Frequently asked questions

What if I use a non-standard Docker daemon socket (Moby, Podman, etc.)?

You can configure Terraform to use a non-standard Docker daemon socket by setting the DOCKER_HOST environment variable or by assigning the docker_host Terrafrom variable. For example, if you are using Podman, you can set the DOCKER_HOST to point to the Podman socket:

export DOCKER_HOST=unix:///run/user/$UID/podman/podman.sock

Make sure to replace the socket path with the correct path for your environment. This will direct Terraform to use the specified Docker daemon socket for all Docker-related operations.

If you use Docker Desktop on Windows, you need to enable the TCP socket to allow Terraform to communicate with Docker.

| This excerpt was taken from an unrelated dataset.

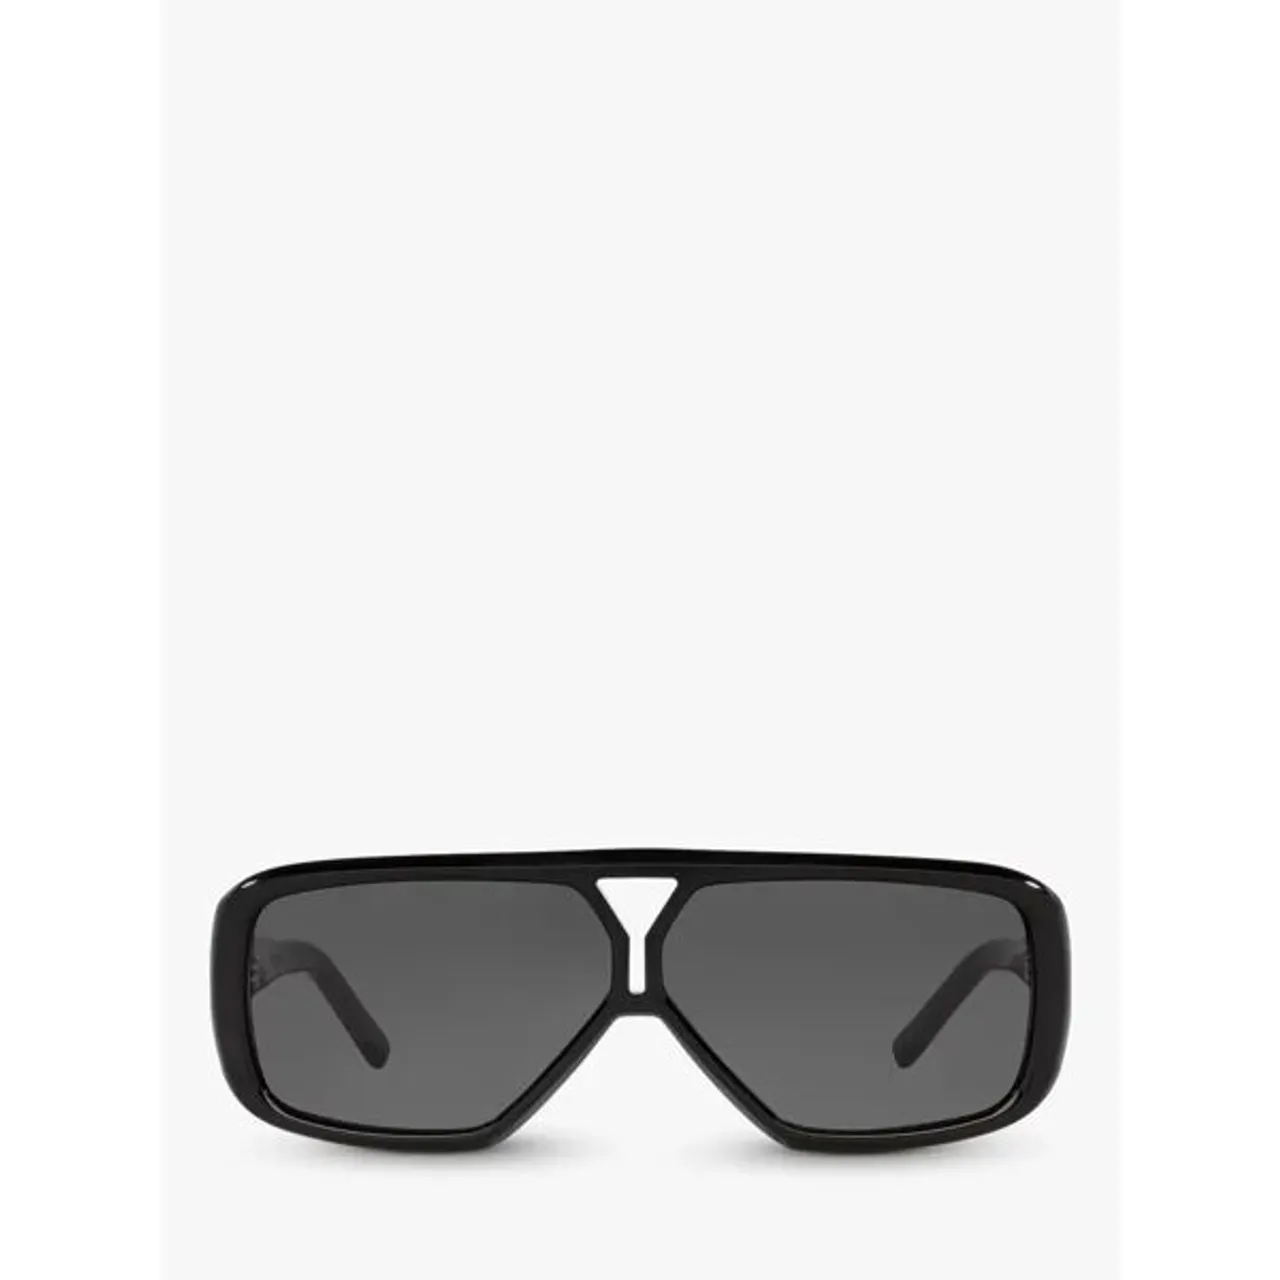 Yves Saint Laurent YS000434 Women's Rectangular Sunglasses, Black - Black - Female

Follow these steps:

  1. Open Docker Desktop and go to the Settings.
  2. Navigate to the General tab.
  3. Enable the option Expose daemon on tcp://localhost:2375 without TLS.
  4. Apply the changes and restart Docker Desktop if necessary.

After enabling the TCP socket, set the DOCKER_HOST environment variable to point to the TCP socket:

$env:DOCKER_HOST="tcp://localhost:2375"

This configuration will allow Terraform to interact with Docker Desktop on Windows.

What else should I check if I run Docker Desktop?

If you run Docker Desktop, ensure the following:

  1. Use containerd for pulling and storing images: Turn off the containerd image store. It should bring new features like faster container startup performance by lazy-pulling images, and the ability to run Wasm applications with Docker, but unfortunately docker Terraform provider doesn't support it. You can check this in Docker Desktop settings under the General tab.

  2. WSL 2 Backend: Verify that Docker Desktop is configured to use the WSL 2 backend for better performance and compatibility. You can check this in Docker Desktop settings under the General tab.

  3. Resource Allocation: Adjust the resource allocation for Docker Desktop to make sure it has enough CPU and memory to run your containers efficiently. This can be configured in the Resources tab of Docker Desktop settings.

  4. Network Configuration: If you encounter network issues, check the network settings in Docker Desktop. Make sure that the network mode is correctly configured and that there are no conflicts with other network adapters.

  5. Windows Firewall: Make sure that Windows Firewall or any other security software is not blocking Docker's network traffic. You may need to create exceptions for Docker.

By checking these settings, you can ensure that Docker Desktop runs smoothly on your machine.

What if I use Podman as a container tool?

If you use Podman as a container tool, you can configure Terraform to use it by setting the container_tool Terraform variable to podman. For instance:

export TF_VAR_container_tool=podman

This will ensure that Terraform uses podman binary for all container-related operations.